Dixon, sonriente, se fija en los parroquianos que han acudido temprano al local, y repara de inmediato en Dolly, la amiga del doctor Franklin, aunque, por cierto, esta noche no viste de una manera tan llamativa, y Dixon tampoco puede divisar enseguida a ninguna de sus compañeras. La joven está absorta en el examen de un gran mapa desplegado sobre la mesa de caoba; sujeta un compás de división plateado, con múltiples articulaciones, que tiene la tonalidad del oro blanco a la luz de la vela, y consulta a menudo un libro de tablas numéricas, moviendo de vez en cuando con elegancia el instrumento arriba y abajo, por encima de su escenario de papel.

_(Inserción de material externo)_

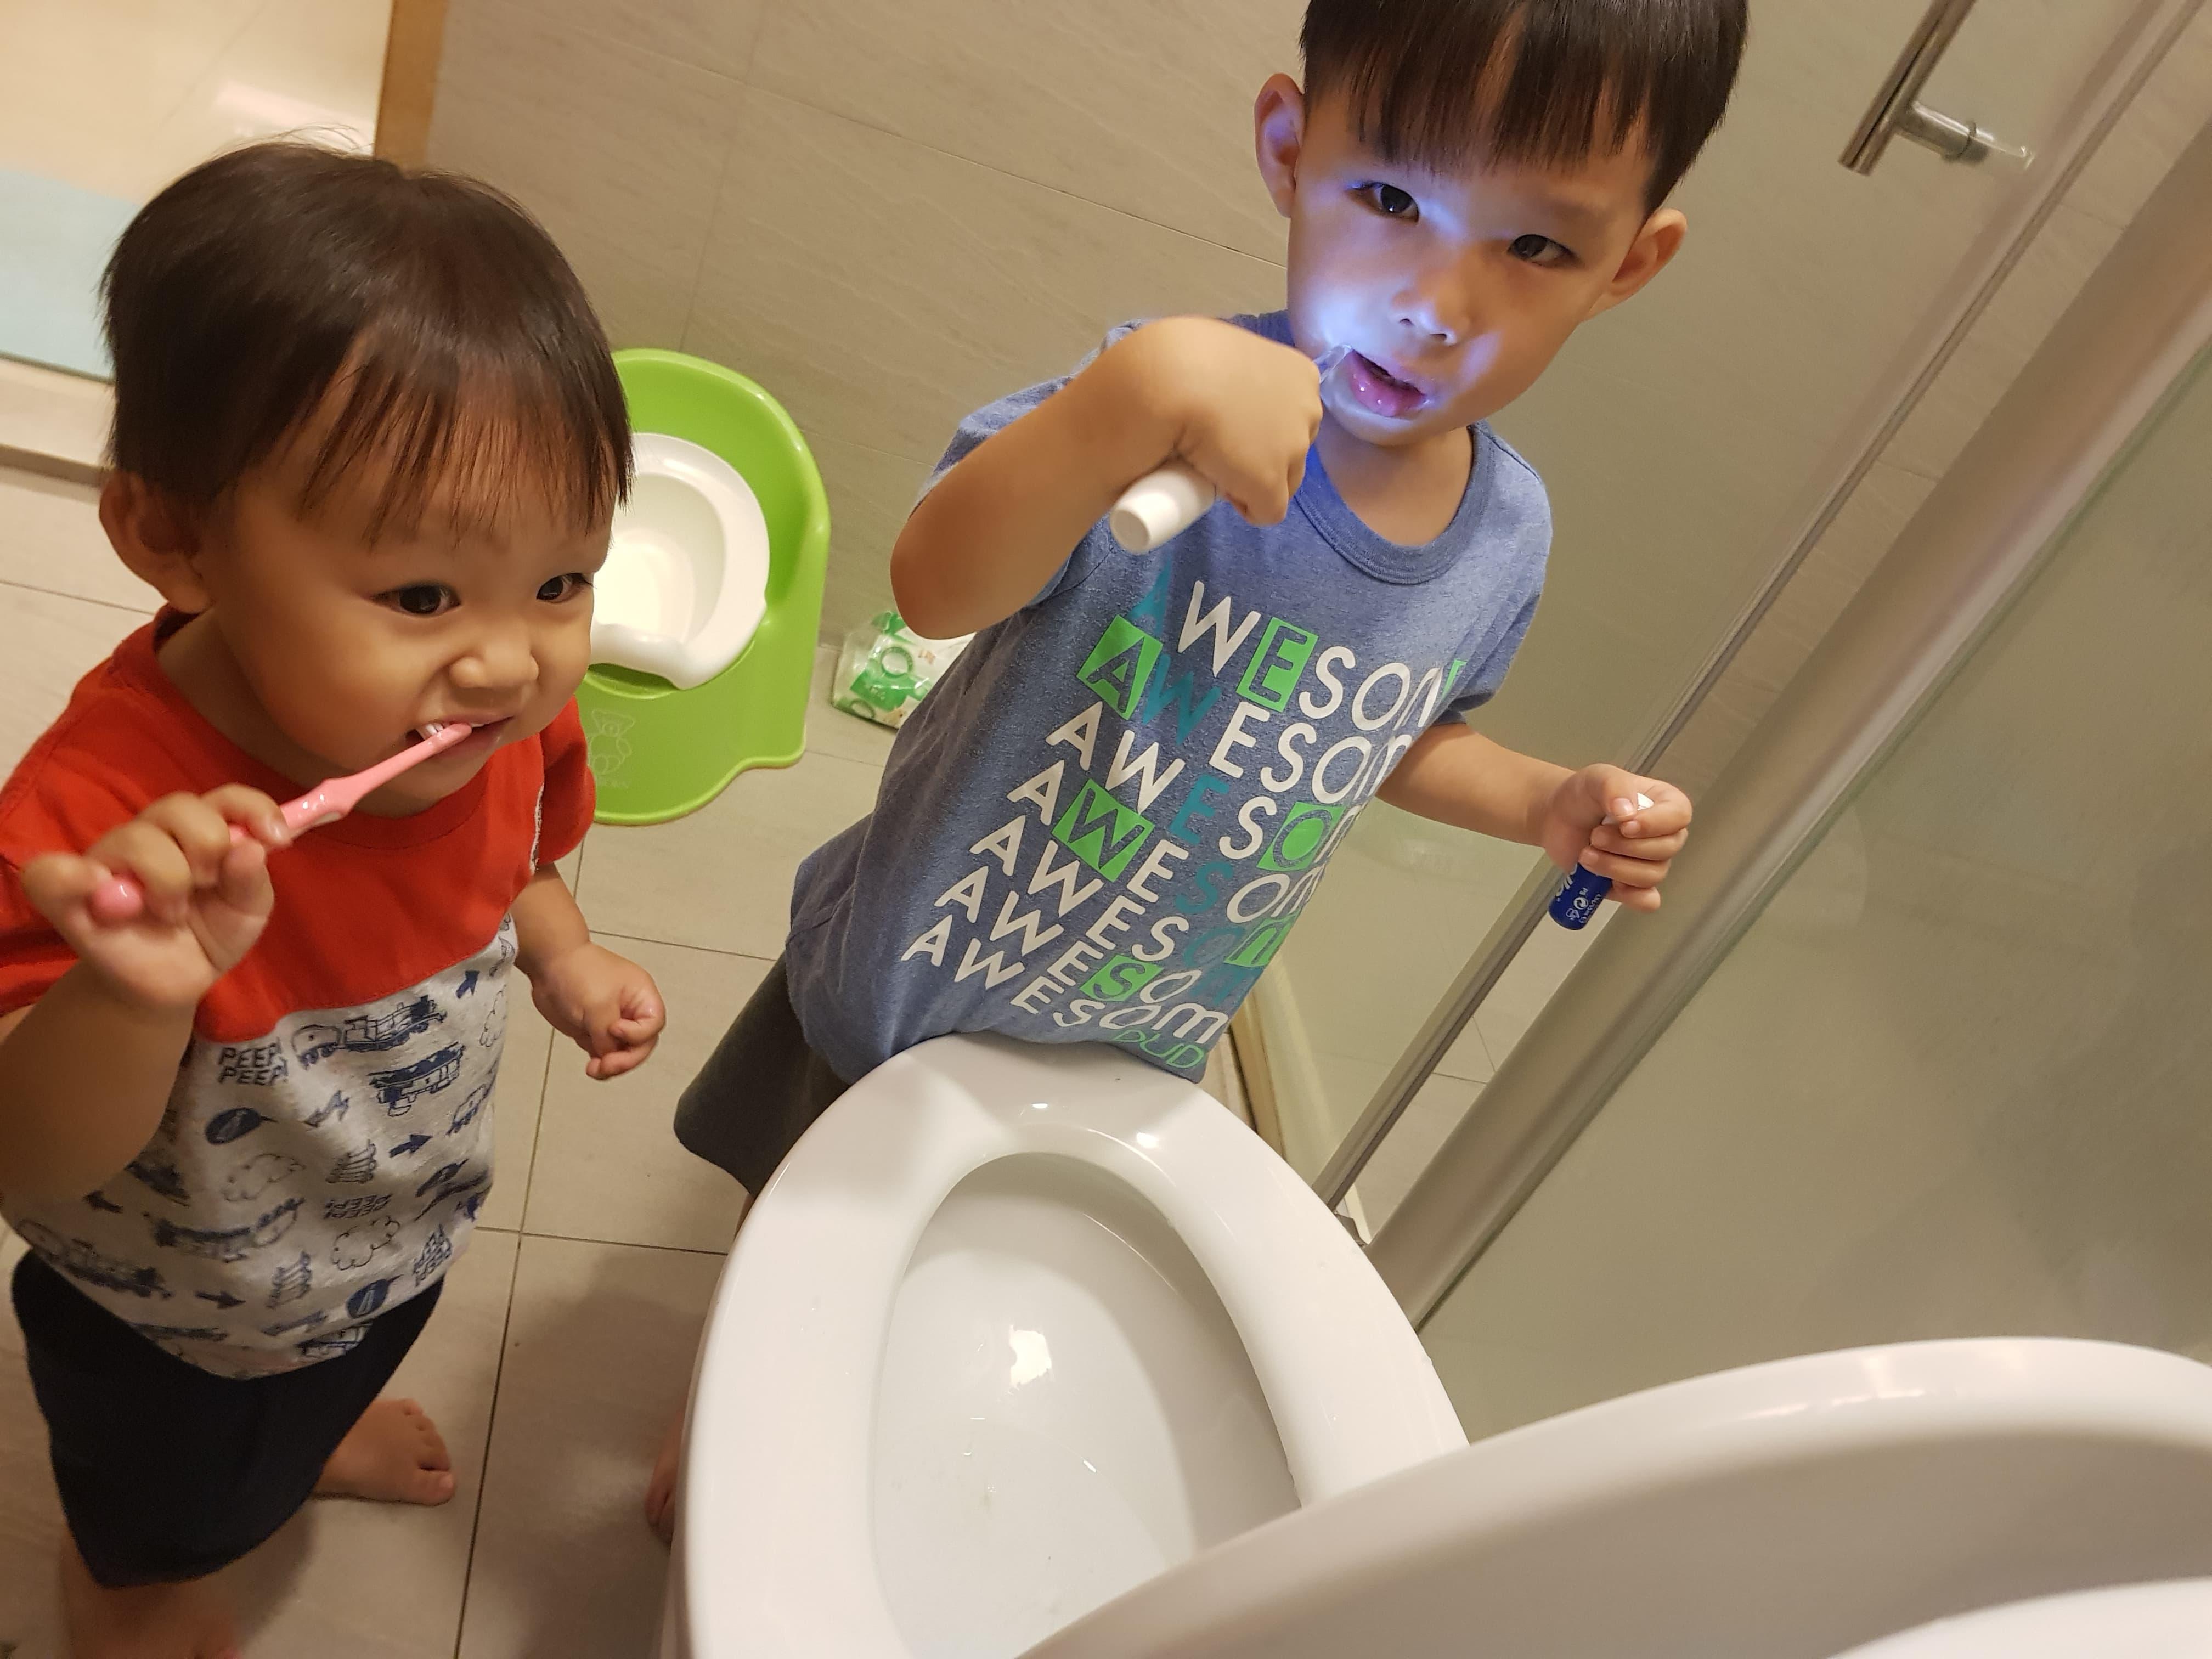 讓寶寶愛上刷牙,使用這些方法就對了!

Cuando por fin alza la vista, él supone, por la expresión de sus ojos, que ella lo había visto desde hacía rato.
—Hola, señor Dixon, bienvenido. —Tiende la mano y, antes de que Dixon pueda empezar a inclinarse para besársela, le estrecha la suya, como hacen los hombres—. Acaban de llegar estos datos en el barco correo alemán, las últimas cifras de declinación magnética. Nuestro movimiento hacia el este, en Pennsylvania, como ha sucedido en los últimos años, sigue desacelerándose, mire, son 4,5 minutos al este —Dixon mira atentamente por encima del hombro de ella—, cuando en el año 60 era de 4,6. Si se dirige usted al sur, será 3,9 en Baltimore.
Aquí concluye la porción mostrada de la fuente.